WASHINGTON — A veteran FBI agent who wrote derogatory text messages about Donald Trump filed a lawsuit Tuesday charging that the bureau caved to "unrelenting pressure" from the president when it fired him.
The suit from Peter Strzok also alleges he was unfairly punished for expressing his political opinions, and that the Justice Department violated his privacy when it shared hundreds of his text messages with reporters.
"The campaign to publicly vilify Special Agent Strzok contributed to the FBI's ultimate decision to unlawfully terminate him," the lawsuit says, "as well as to frequent incidents of public and online harassment and threats of violence to Strzok and his family that began when the texts were first disclosed to the media and continue to this day."
The complaint, which names as defendants Attorney General William Barr and FBI Director Chris Wray, revisits a political drama that was seized on by conservative critics of special counsel Robert Mueller's Russia investigation as proof that the bureau was biased against Trump. Multiple investigations are underway examining whether the FBI acted properly during the Russia investigation, and Strzok remains a frequent target of Trump's scornful tweets.

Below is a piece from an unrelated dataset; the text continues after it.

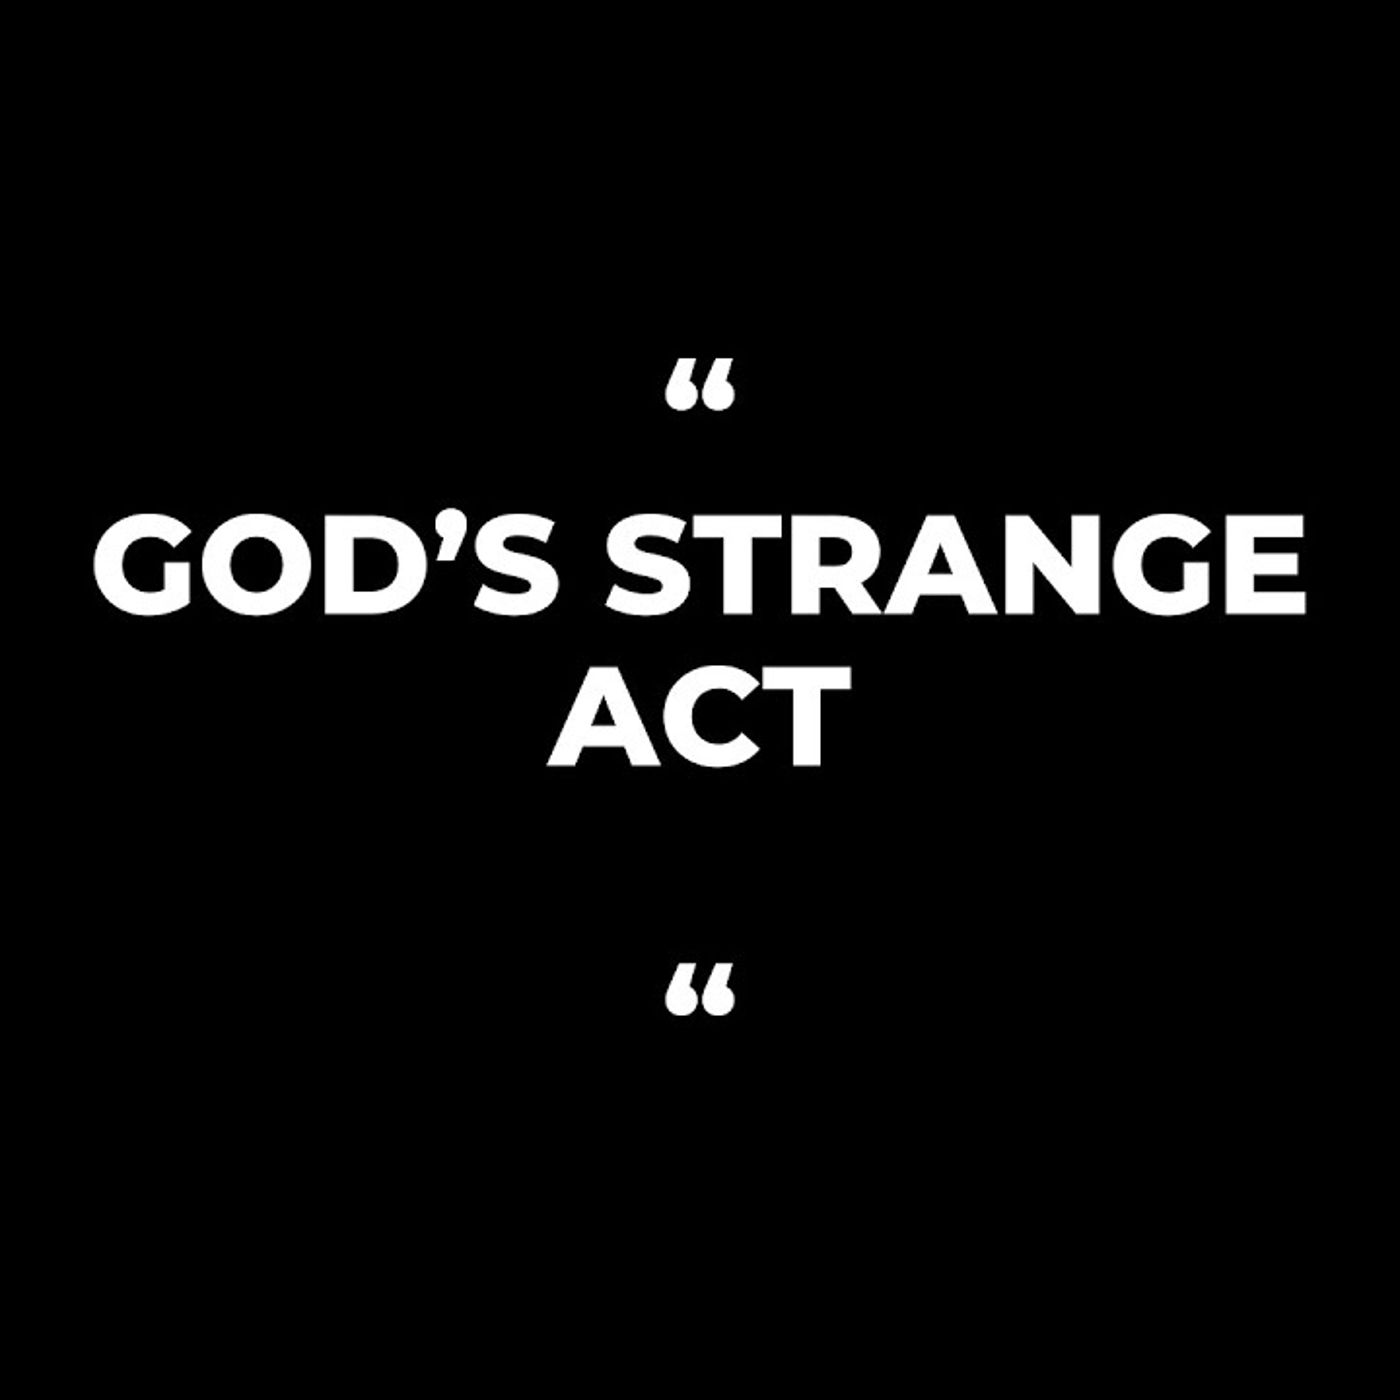 Ep. 21 God's Strange Work/Act Isa 28:21-22

Representatives of the FBI and Justice Department did not immediately respond to requests for comment.
The suit provides new details about the circumstances of Strzok's firing and amounts to the latest defense of his reputation, coming months after a fiery congressional hearing in which he insisted that his personal views never influenced his work.
Strzok, a veteran counterintelligence agent who helped lead FBI investigations into Hillary Clinton's use of a private email server and ties between the Trump campaign and Russia, was removed from Mueller's team after the texts with FBI lawyer Lisa Page came to light. He was fired from the FBI last August.
Many of the texts, on FBI cell phones, were bitingly critical of Trump during his 2016 run for office. They were found by the Justice Department's inspector general during its investigation of the FBI's Clinton email probe.
The watchdog office criticized both Strzok and Page, with whom he was having an affair, for their judgment in sending the messages but did not find that the Clinton email investigation was compromised by political bias.
In the lawsuit, Strzok attorney Aitan Goelman says the FBI deputy director who fired him was responding to "unrelenting pressure from President Trump and his political allies in Congress and the media."
That deputy, David Bowdich, overruled the recommendation of a disciplinary official that he be merely demoted and suspended without pay and denied him the chance to appeal.
Bowdich said at the time that Strzok's "sustained pattern of bad judgment in the use of an FBI device" for texting called into question decisions made during the Clinton email investigation and the early stages of the Russia probe. And the FBI has said that Bowdich, as the FBI's No. 2 official, had the authority to overrule disciplinary findings.
The complaint says the campaign to fire Strzok included "constant tweets and other disparaging statements" from Trump, as well as the president's direct appeals to Wray and Barr's predecessor as attorney general, Jeff Sessions, to fire Strzok.
The lawsuit says the administration discriminated against his viewpoint by firing him even though other government officials who have supported Trump in the workplace have kept their job. It notes that the White House has not fired counselor Kellyanne Conway despite the determination that she violated the Hatch Act — a law that limits political activity by government workers — by disparaging Democratic presidential candidates while speaking in her official capacity.
"The Trump administration has consistently tolerated and even encouraged partisan political speech by federal employees, as long as this speech praises President Trump and attacks his political adversaries," the complaint contends.
The lawsuit also says the Justice Department set out to smear Strzok's reputation and humiliate him when it disclosed nearly 400 text messages he had sent or received.
In the complaint, Strzok also aims to explain some of the texts that have attracted the most negative attention, including one in which he told Page "we'll stop" a Trump presidency.
Conservatives interpreted the text as Strzok saying that he would work to prevent Trump from being elected, but the suit says the message was actually meant to reassure Page that the American people would not support a Trump candidacy.